Sound Culture Essay: Ed OSBORN

Taking as its theme the sound culture of the Pacific region, the SoundCulture festival was first held in Australia in 1991, and for the second time in Japan in 1993. The third festival, SoundCulture 96, was held over a period of eleven days in April in San Francisco. Sound artist Ed OSBORN, a member of the host committee and director of the festival, reports on this year's highlights.

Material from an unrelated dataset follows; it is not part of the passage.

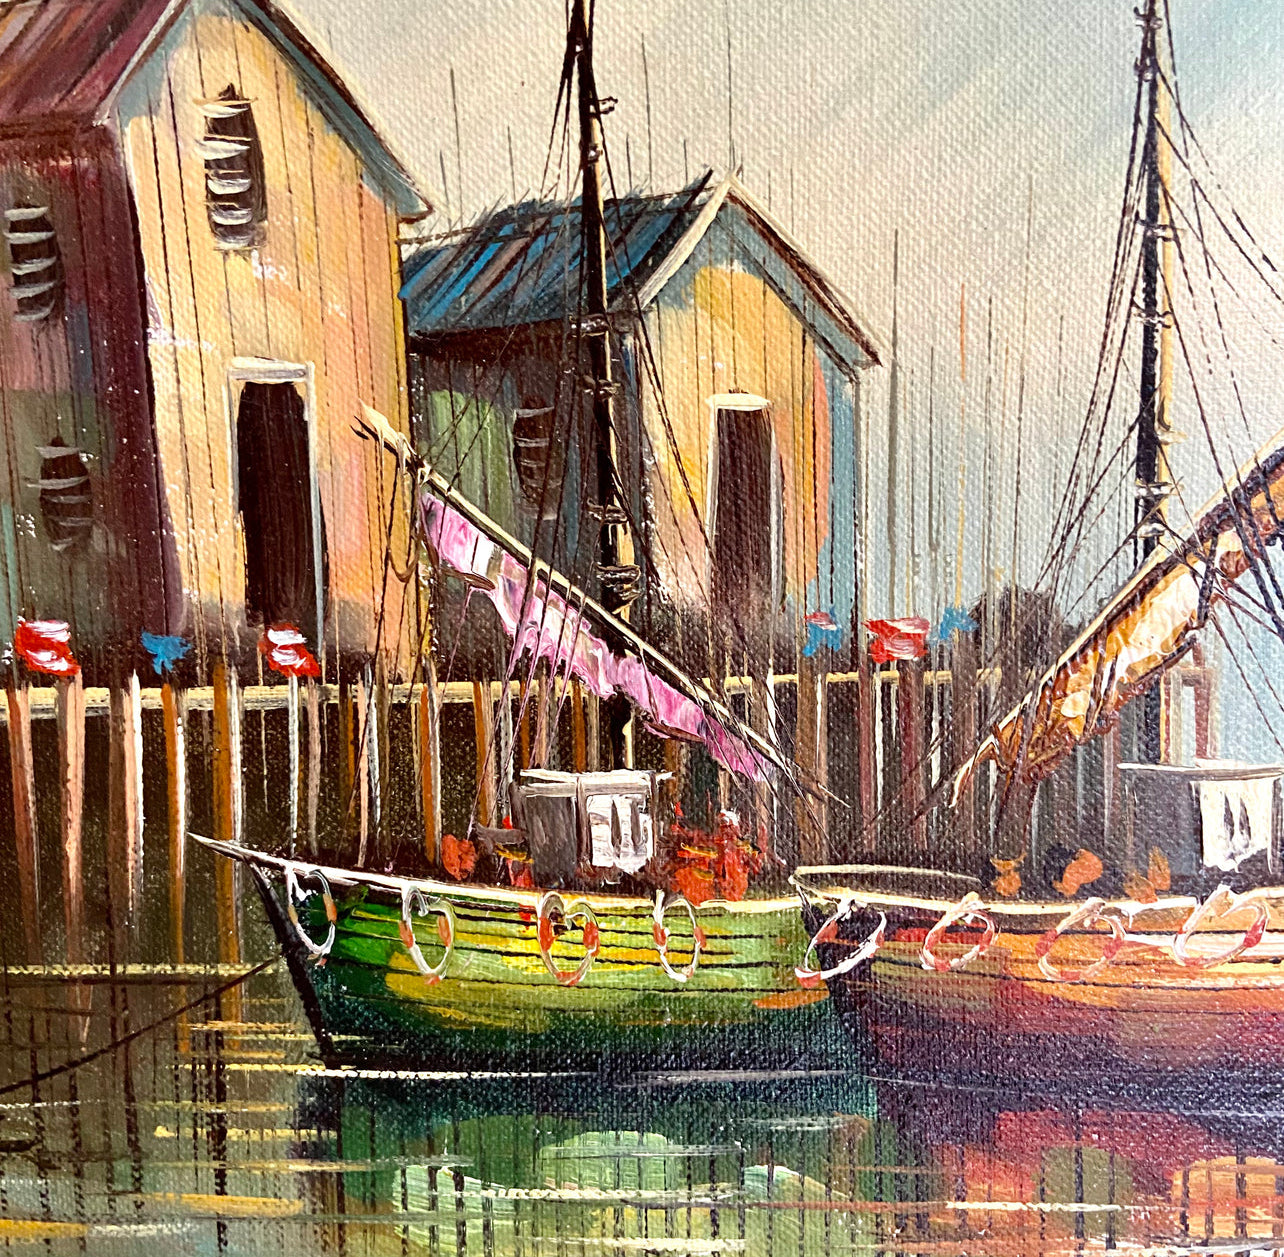 Handsome mid century original oil painting signed by artist Black waterfront boats.

Over the course of over eleven days in April, SoundCulture 96 landed in the San Francisco Bay Area. The festival included 17 exhibitions, 10 panels, and 55 performances and other events held at 33 sites throughout the Bay Area. Co-presented by 32 Bay Area arts and culture organizations and including the work of 228 artists from the US, Canada, Japan, Australia, and New Zealand, SoundCulture 96 was easily the largest sound art event ever held in the United States. As the director and one of the participating artists, I can hardly be objective about the SoundCulture 96; this is an overview of the festivities from someone who knows the event inside-out. Focused on the creative use of sound outside of the field of music by practitioners based in the Pacific region, the festival was planned to include representation of a number of differing areas of sound practice: sound sculpture and installations, radio and telephonic works, performance, acoustic ecology, noise, cultural theory in relation to sound, appropriation, high- and low-tech activities, educational events for kids, homemade sound instruments, sound works for public space, sound for film, and so on. All of these areas existed in some form or another in the festival. In the space here, there is only room to mention a few of the many events and to illustrate some of the broader themes that emerged from SoundCulture 96.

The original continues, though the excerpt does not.